Ultimately, caregiver burnout results when caregivers aren’t getting the help THEY need. Being stretched too thin and doing more than physically or mentally possible.  And in many situations, these individuals are giving all they have to someone else while neglecting their own needs.

How do you know you’re experiencing burnout?

Adult son comforting elderly father sitting on couch.
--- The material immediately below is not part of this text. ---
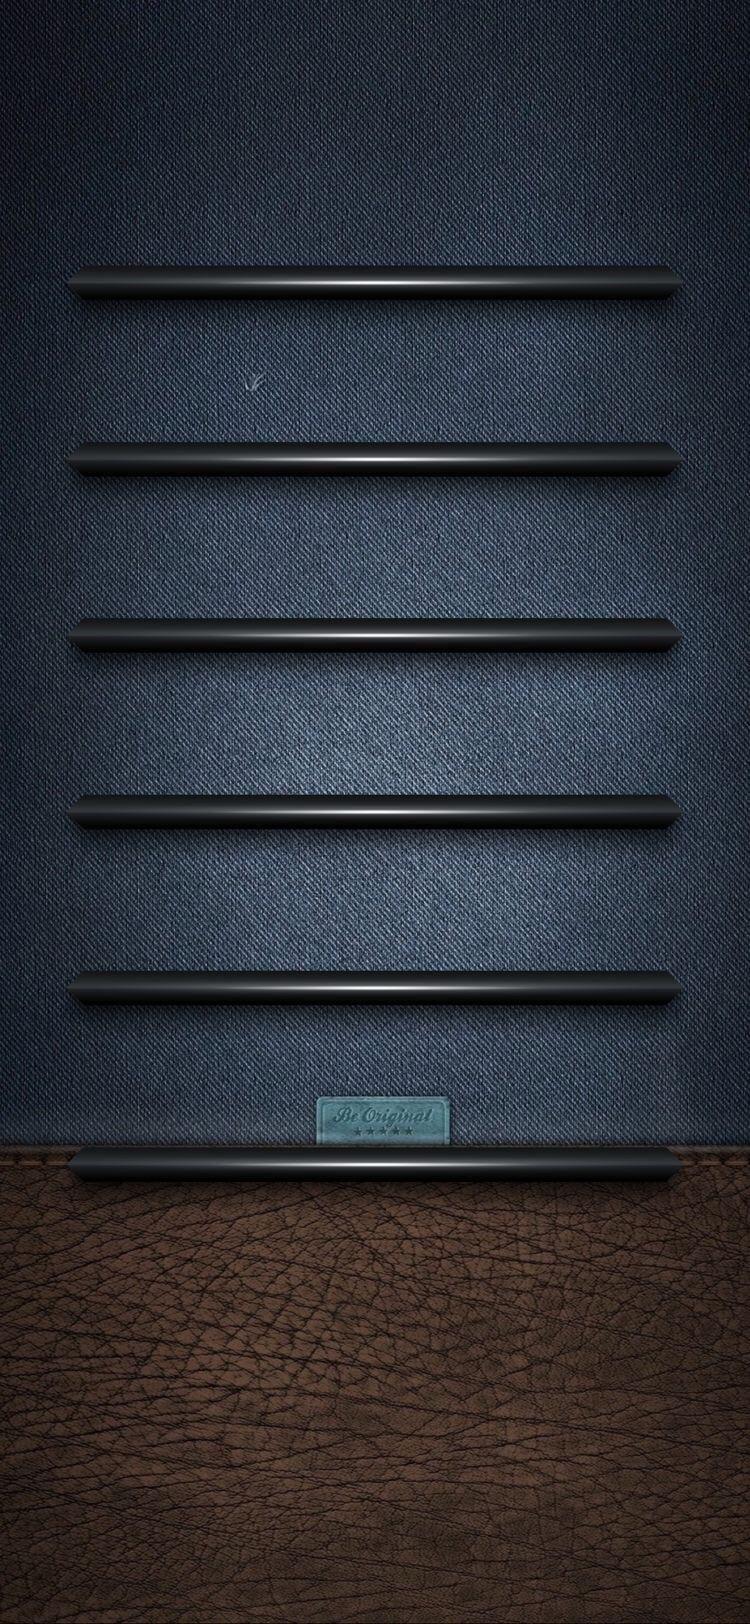 App Shelves Odor Iphone X Xs Iphone X Wallpapers
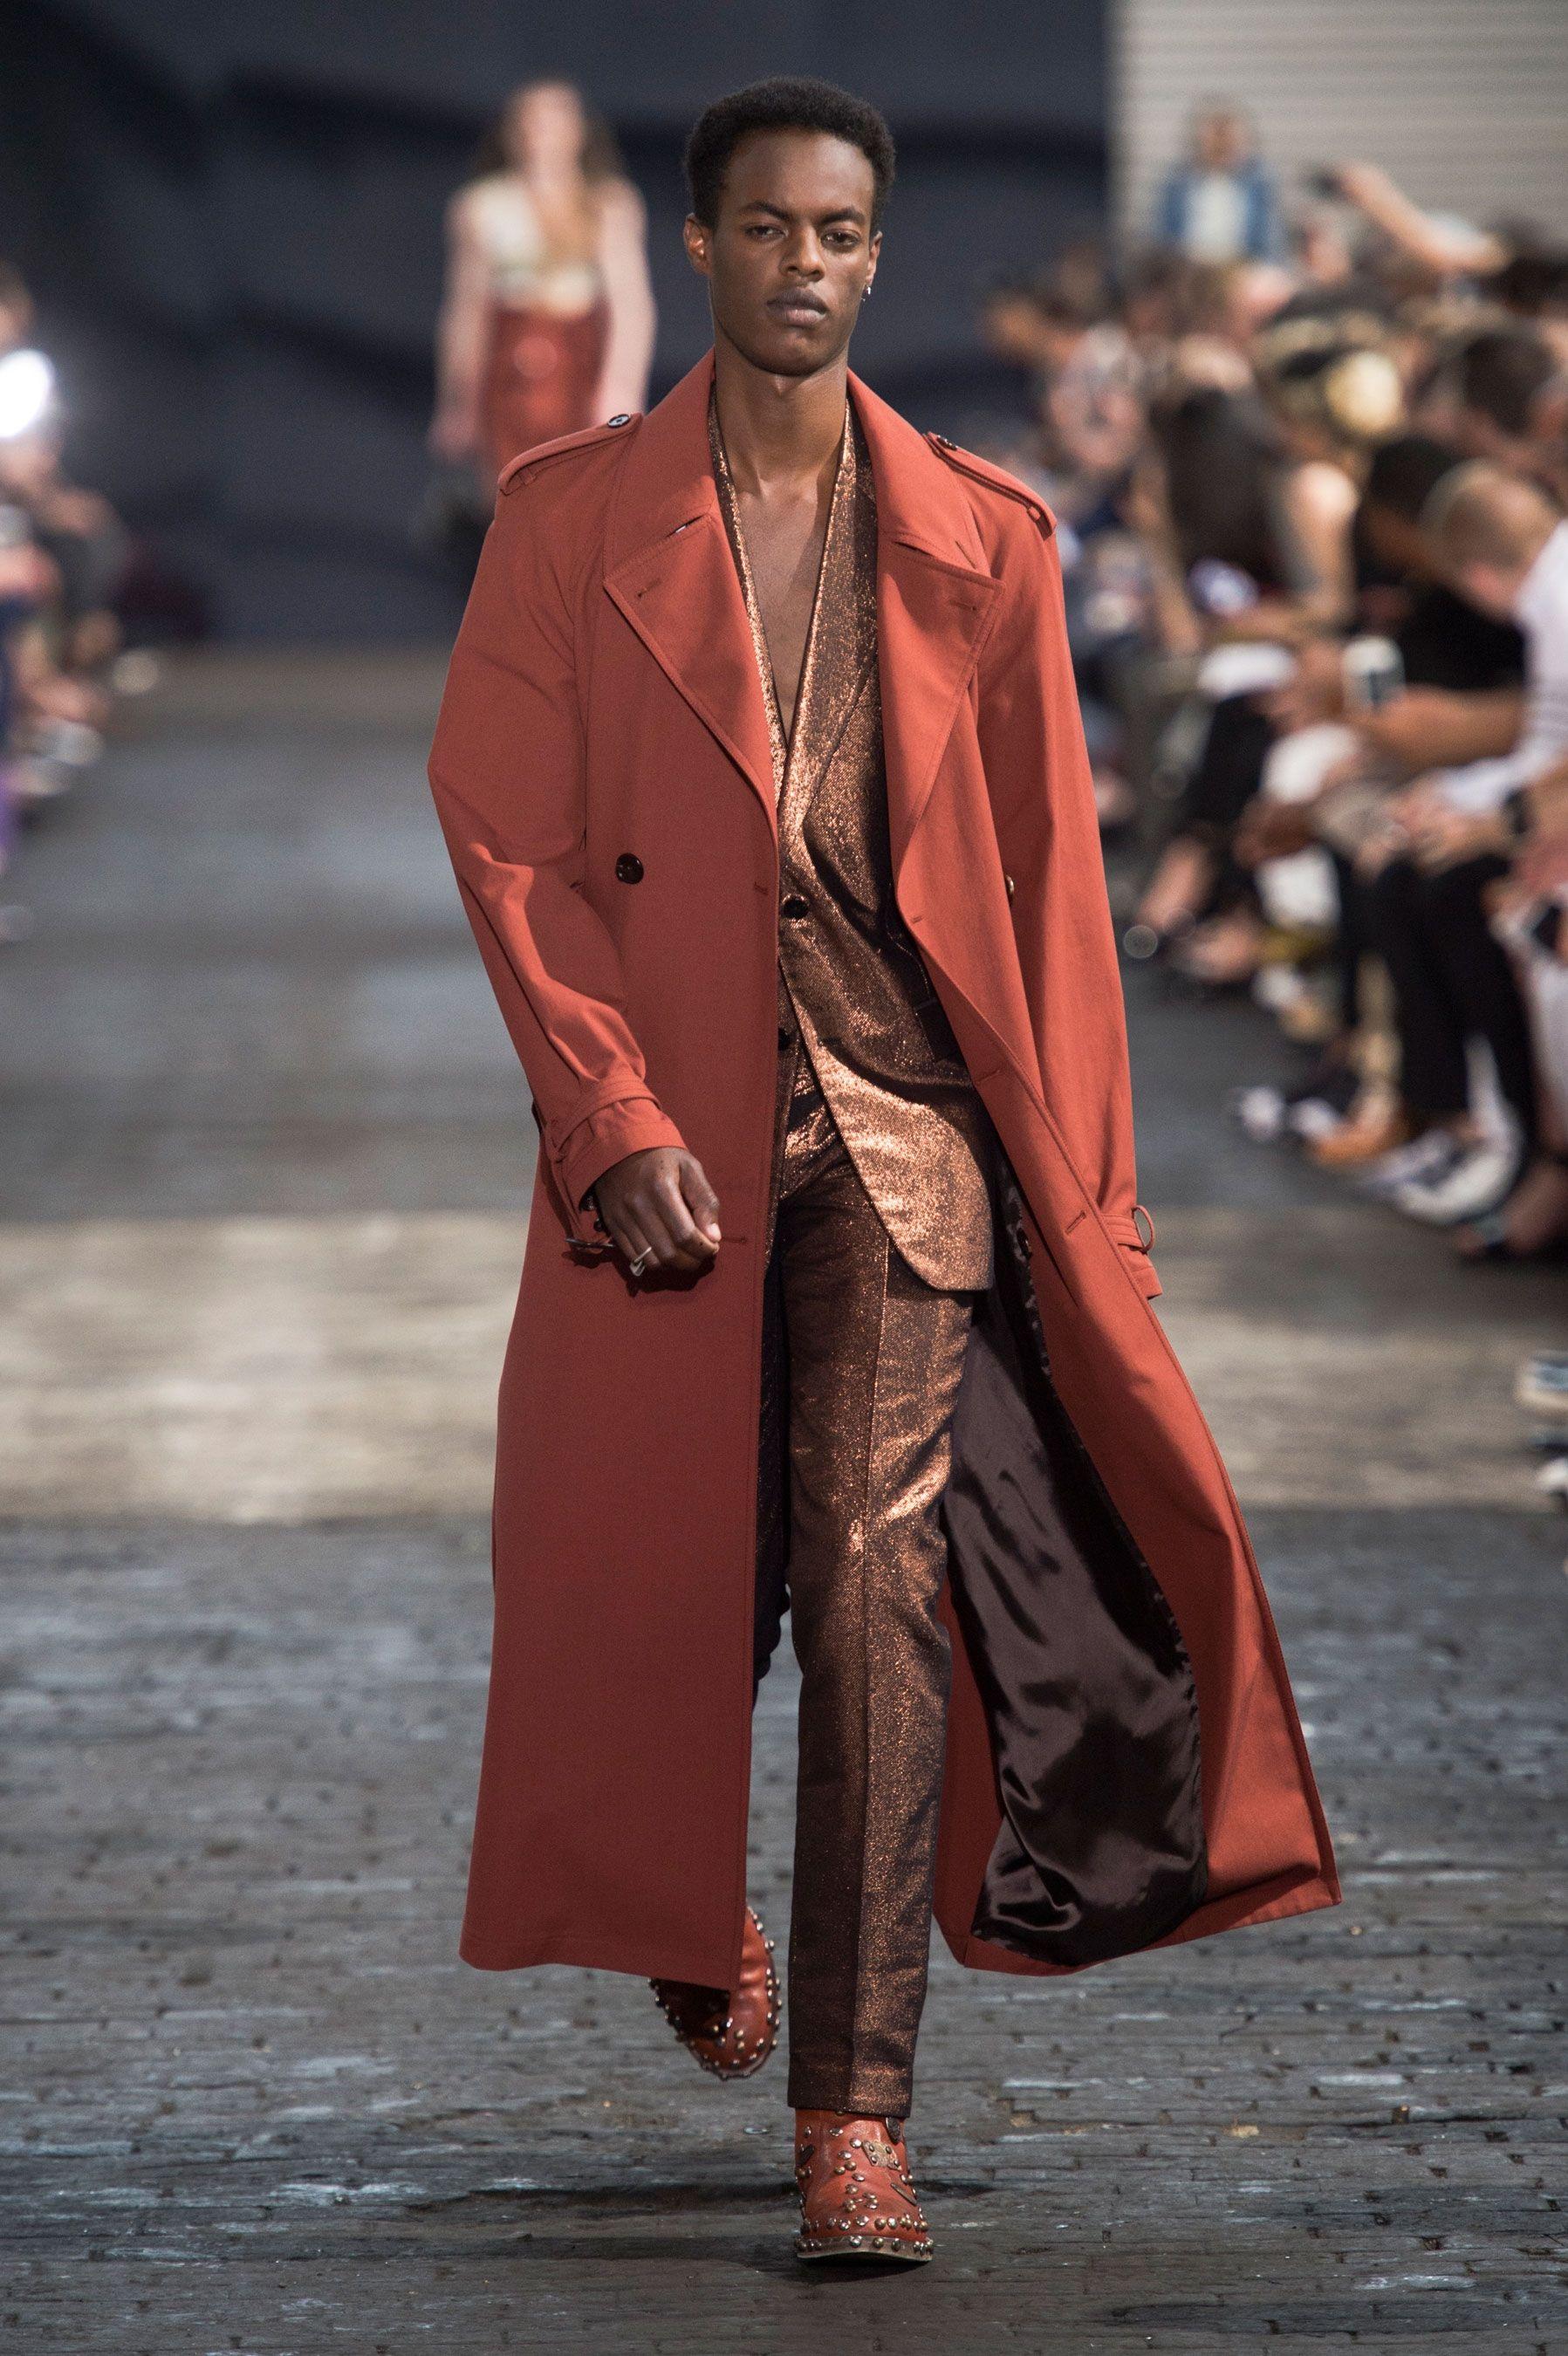 Maison Margiela SpringSummer 2016 Collection - Paris Fashion Week - DerriusPierreCom (19)

Not everyone experiences caregiver burnout the same way or at the same time. It can happen when you’re caring for someone with a less challenging diagnosis, or when caring for someone with a very challenging diagnosis.  And in many situations, the caregiver is unable to recognize that they’re heading towards burnout.  Because burnout is associated with feeling discouraged or disengaging from life, here are some signs one may experience:

  • Losing interest in things you previously enjoyed
  • Withdrawing from friends and family
  • A change in attitude from loving to unconcerned or negative
  • Getting sick often
  • Difficulty falling asleep and lower sleep quality
Woman laying in bed awake with clock displaying 3:41 am.

Many times, your self-esteem may also take a hit, and you may stop feeling good about yourself. You may feel alone, and at the same time, you may feel like you can never actually be alone and by yourself.

Crying woman sitting on couch holding pushing hair out of face.

Did you know that WHO you’re caring for can also contribute to burnout risk?  Some studies have shown that women found caring for a spouse or child to be more stressful and more detrimental to mental health than caring for a parent or someone else.

Managing caregiver burnout

Senior woman embracing her senior husband.

If this sounds like something you’re going through, here are some things that may help:

  • Allow yourself to feel your emotions. As a caregiver, you feel you need to be strong, to not cry or feel angry. But feeling negative feelings and not pushing them away is not only normal, but important.
  • Prioritize self-care. Practice mindfulness twice daily or go for short walks. Making time for yourself is necessary, especially when it’s hard.
  • Delegate some responsibility. From reducing work hours, using paid caregivers, to saying no at times can help reduce the burden of caregiving.
  • See a therapist or join a support group. Whether you’re already burned out or headed in that direction, counselling can provide coping skills and ways to process emotions. Being able to talk to people in a similar situation or a therapist can make you feel connected again. And this type of support can be very helpful.